G-CSF is a cytokine related to granulopoiesis and G-SCF production is enhanced in inflammation and stimulates granulopoiesis. G-CSF has other functions, namely to suppress osteoblasts lineage cells and inhibit the expression of some factors, SDF-1, SCF and VCAM-1, which results in the mobilization of HSCs and HPCs from the BM to peripheral tissues (Semerad et al. 2005; Greenbaum and Link 2011). In this study, we detected an increase in both the serum G-SCF levels and the numbers of lineage-negative and c-kit-positive HPCs in the peripheral blood following NBP treatment. The relationship between bisphosphonates and G-CSF production is unclear but NBP injection induces some side effects, including granulopoiesis, inflammation, extramedullary hematopoiesis and necrosis (Nakamura et al. 1999; Yamaguchi et al. 2010) and mediates the significant release of IL-6, TNF-α and IL-1β (Endo et al. 1992). Moreover, fat-associated lymphoid clusters such as omental milky spots are induced by inflammation (Benezech et al. 2015). These results suggest that NBP injection induces G-CSF production and that G-CSF should play an essential role in the formation of the newly discovered hematopoietic structure.

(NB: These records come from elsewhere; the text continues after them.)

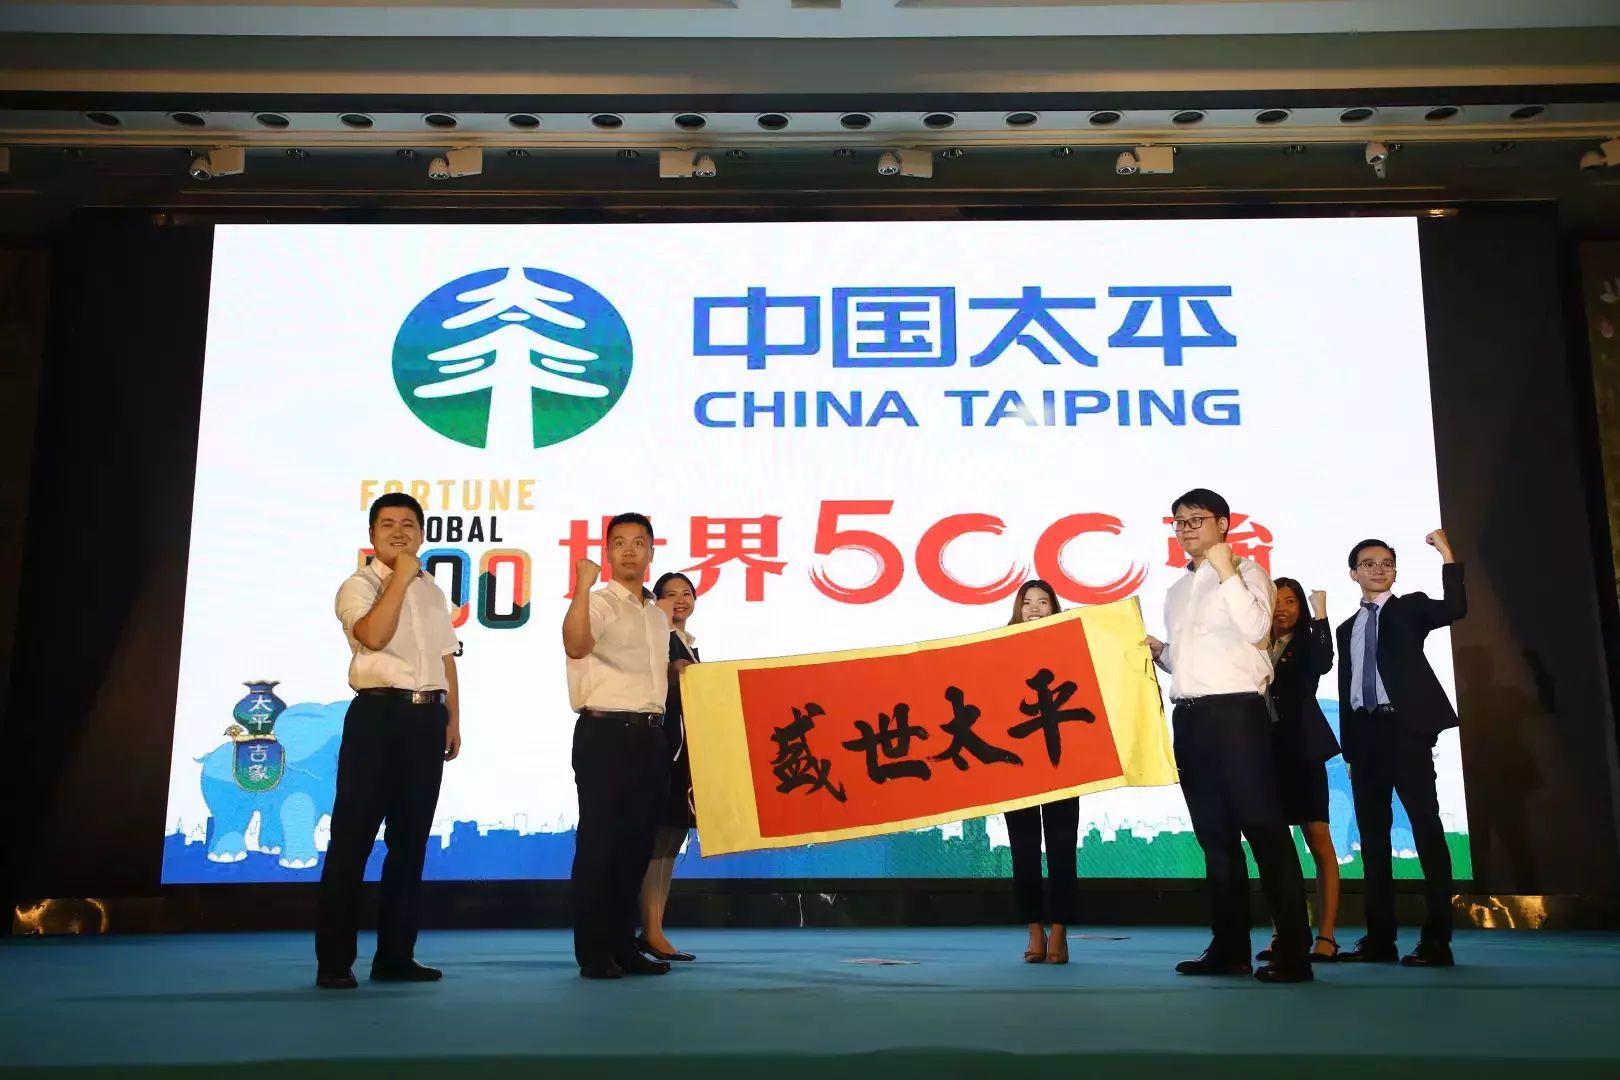 太平人寿佛山分公司召开半年度表彰暨全年业务冲刺启动
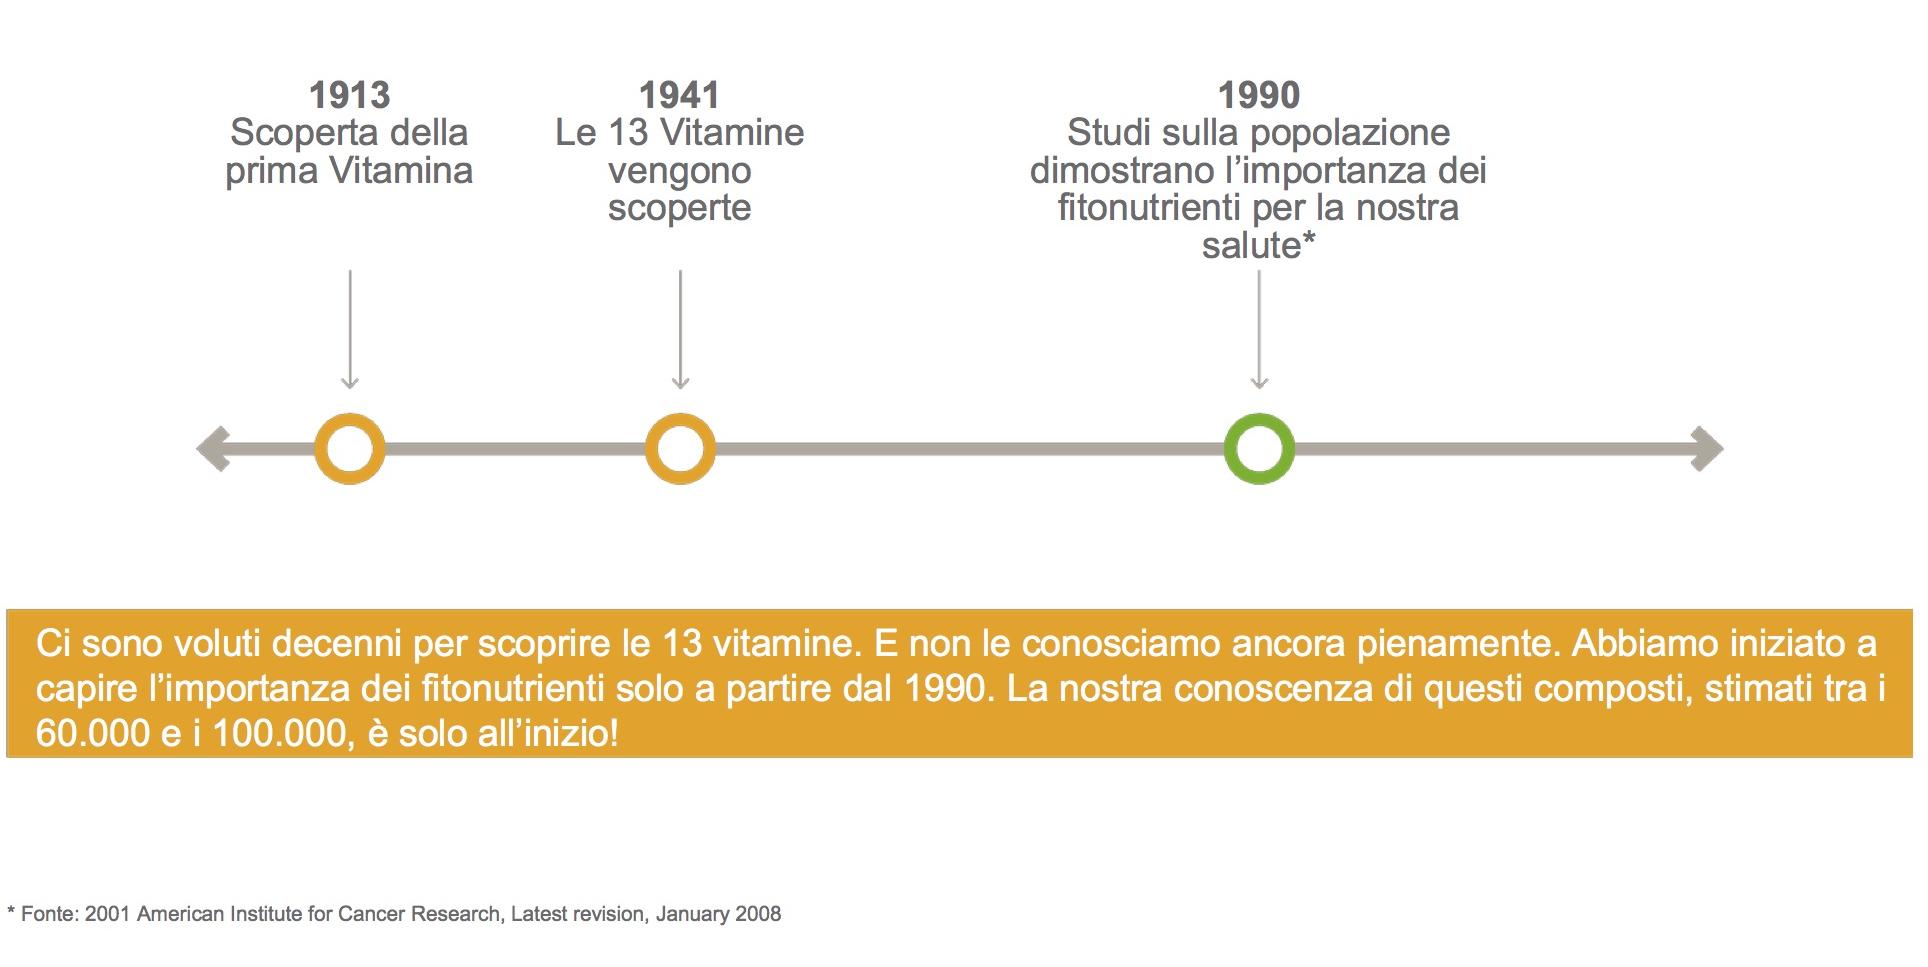 fitonutrienti a confronto con vitamine: da 60 a 100.000 contro 13
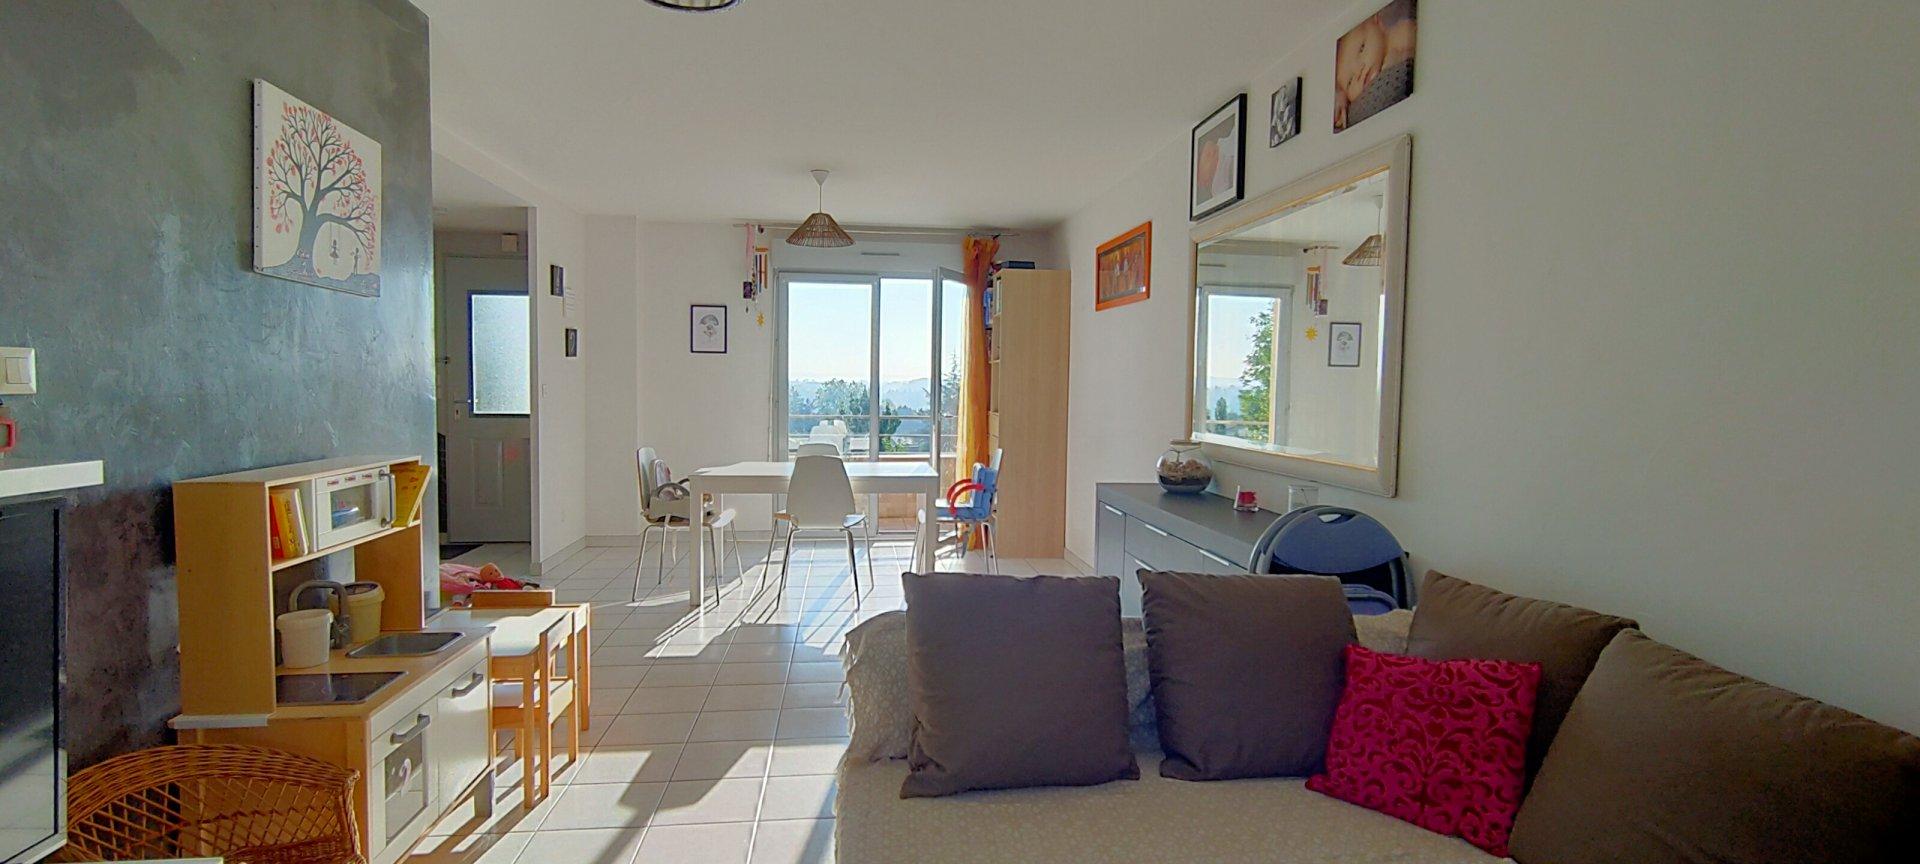 Appartement 3 Chambres avec jardin, garage et parking

Taken together, these results suggest that the increased G-CSF production following the NBP injection mediated HSCs and/or HPCs mobilization, which colonized the omentum and provided the niche for hematopoiesis by expressing some hematopoiesis-related factors, including SDF-1. Moreover, the high EPO level stimulated erythropoiesis, resulting in the formation of the new hematopoietic structures. Our study reveals a previously unknown mechanism of NBP, the function of the omentum and the relationship between the peritoneal adipose tissue and hematopoietic cells.